DATASET EXCERPT →
============

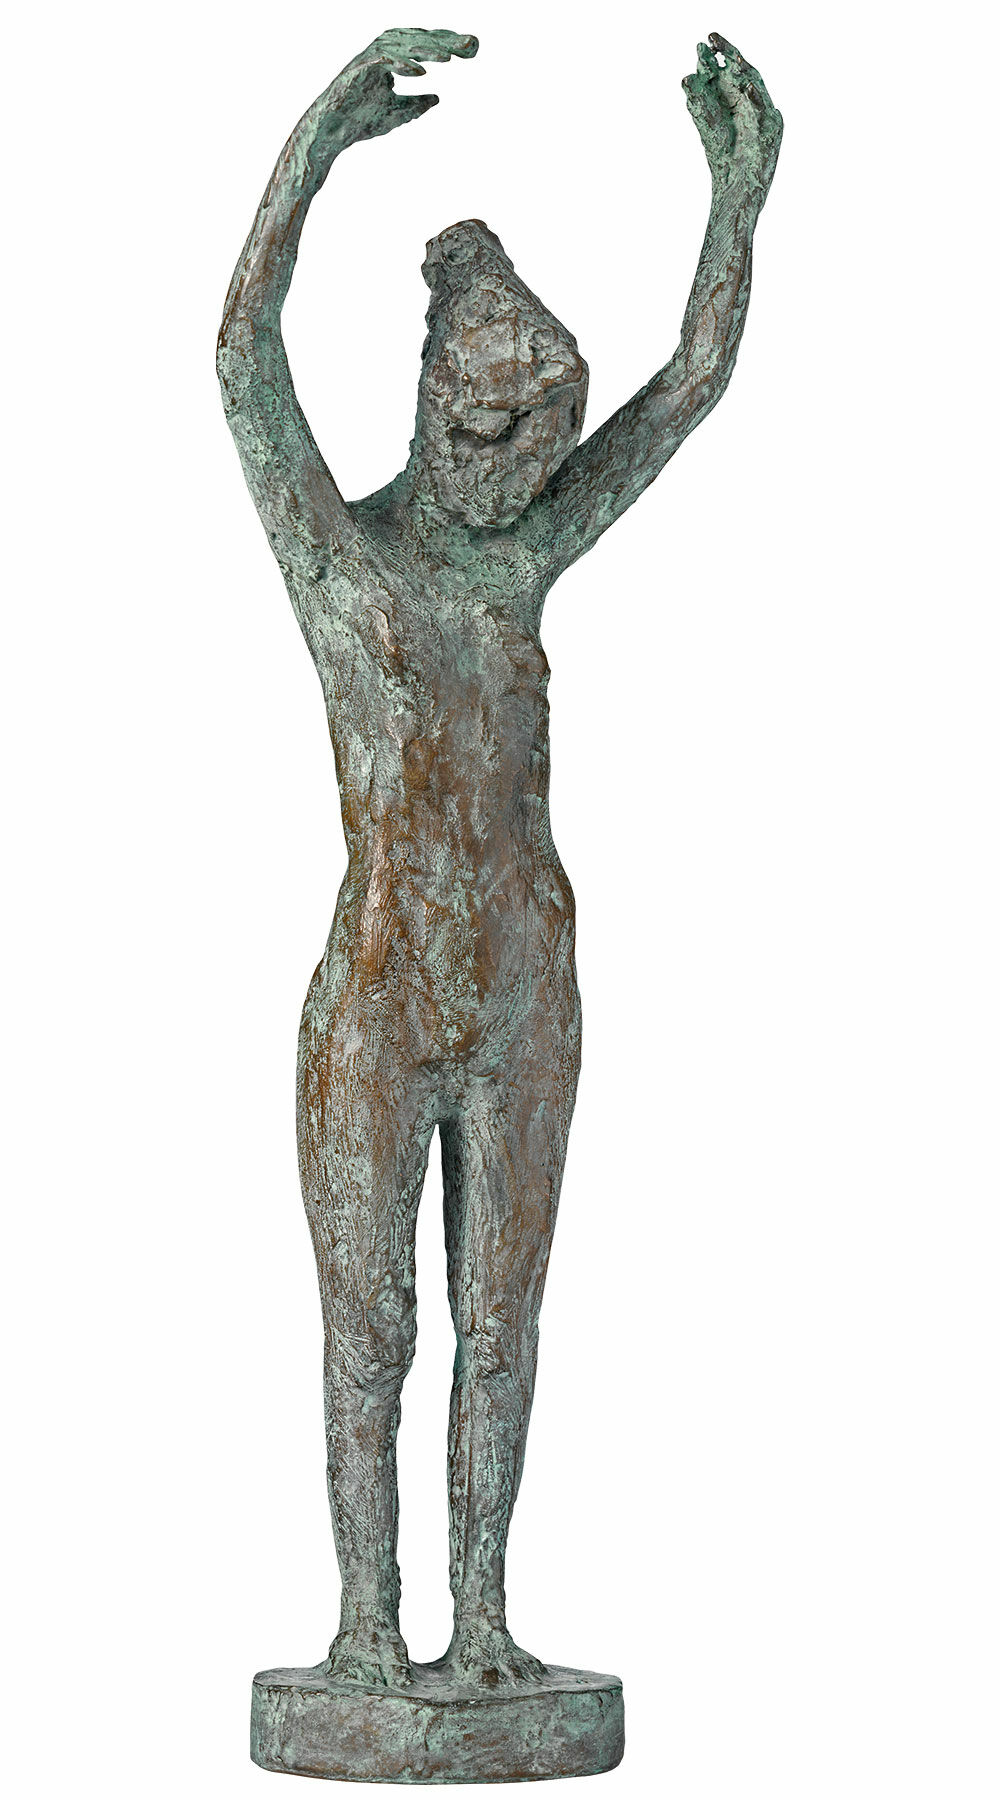 Sculpture "Dancer" (2019), bronze by Thomas Jastram
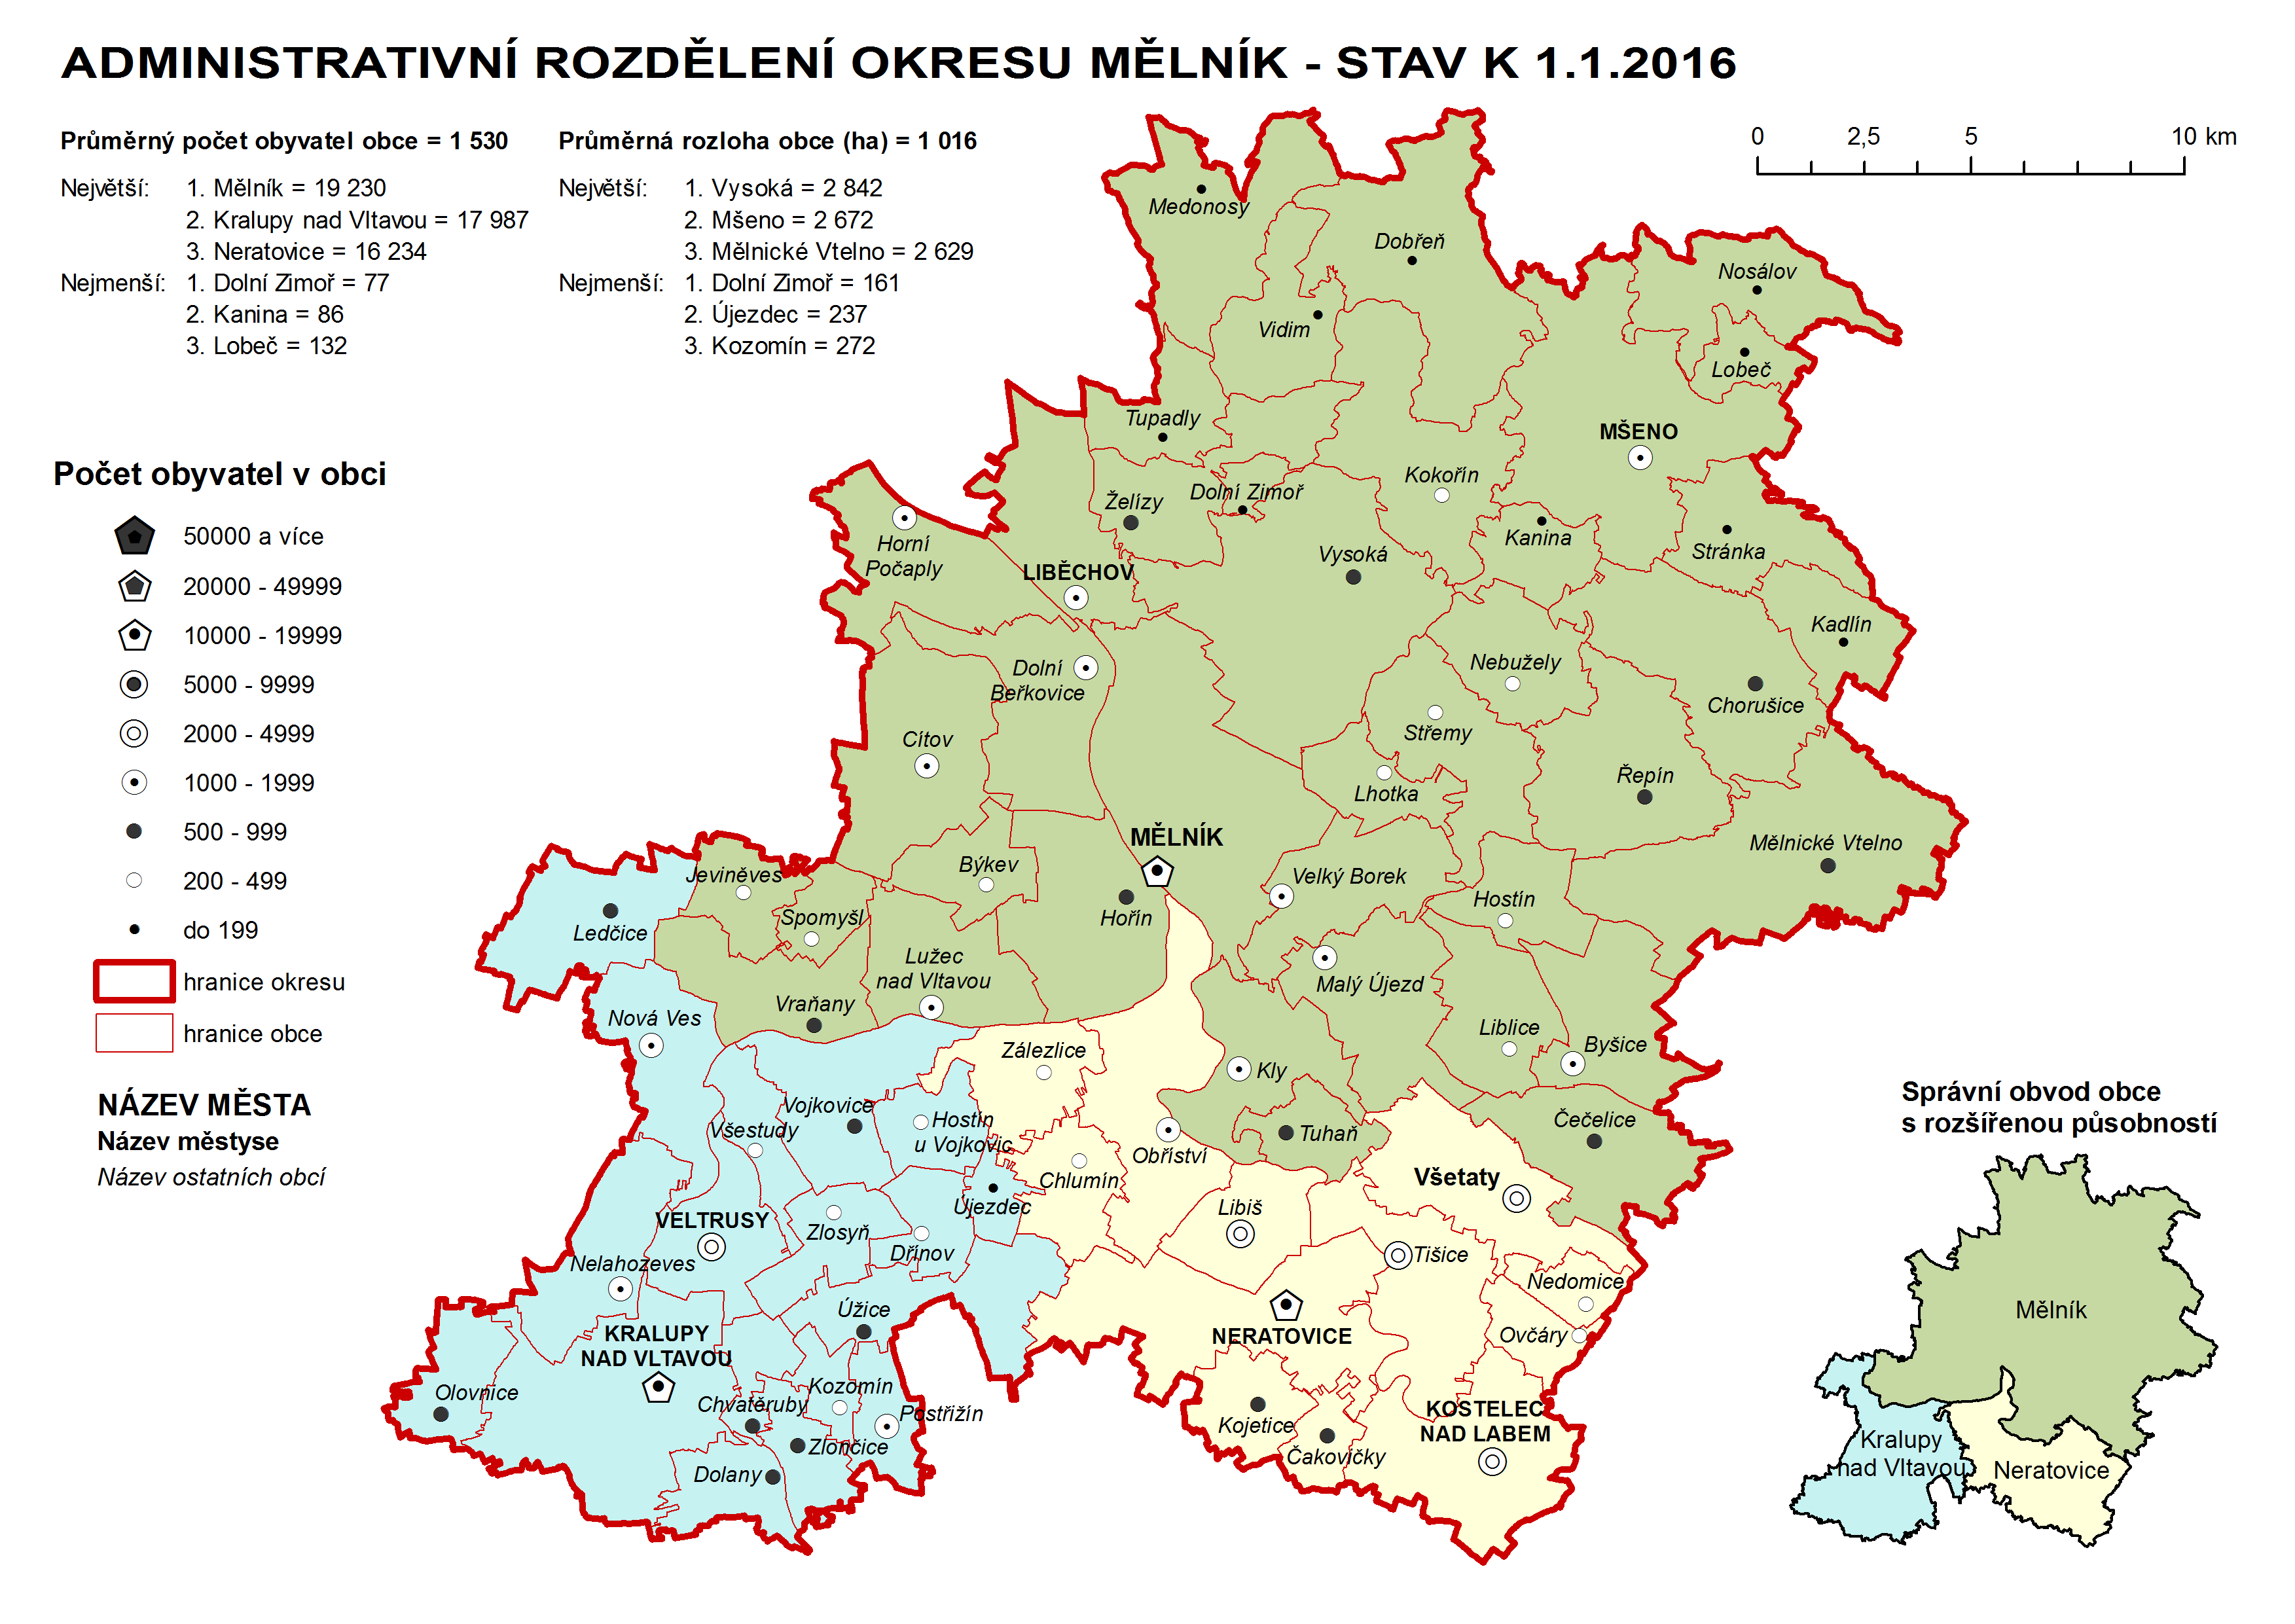 Administrativni rozdělení okresu Mělník - stav k 1.1.2016
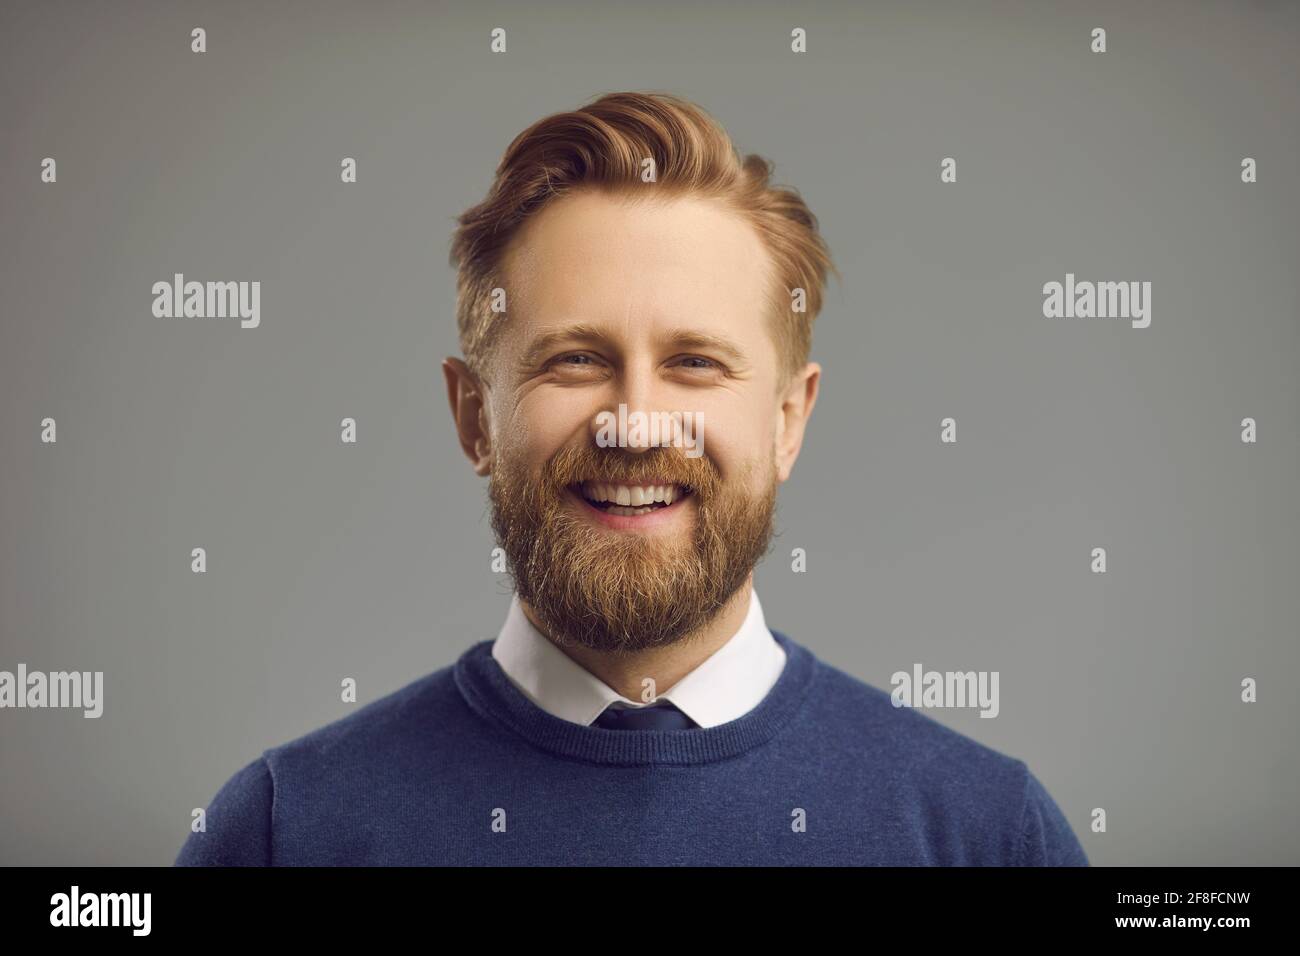 Portrait en studio d'un homme heureux avec une barbe épaisse, une moustache et un sourire positif amical Banque D'Images

============

The answer must be the exact lines from the line with "Administrativni rozdělení okresu" to the final line of the data, both ends included, with no pictures.

 Administrativni rozdělení okresu Mělník - stav k 1.1.2016
 Portrait en studio d'un homme heureux avec une barbe épaisse, une moustache et un sourire positif amical Banque D'Images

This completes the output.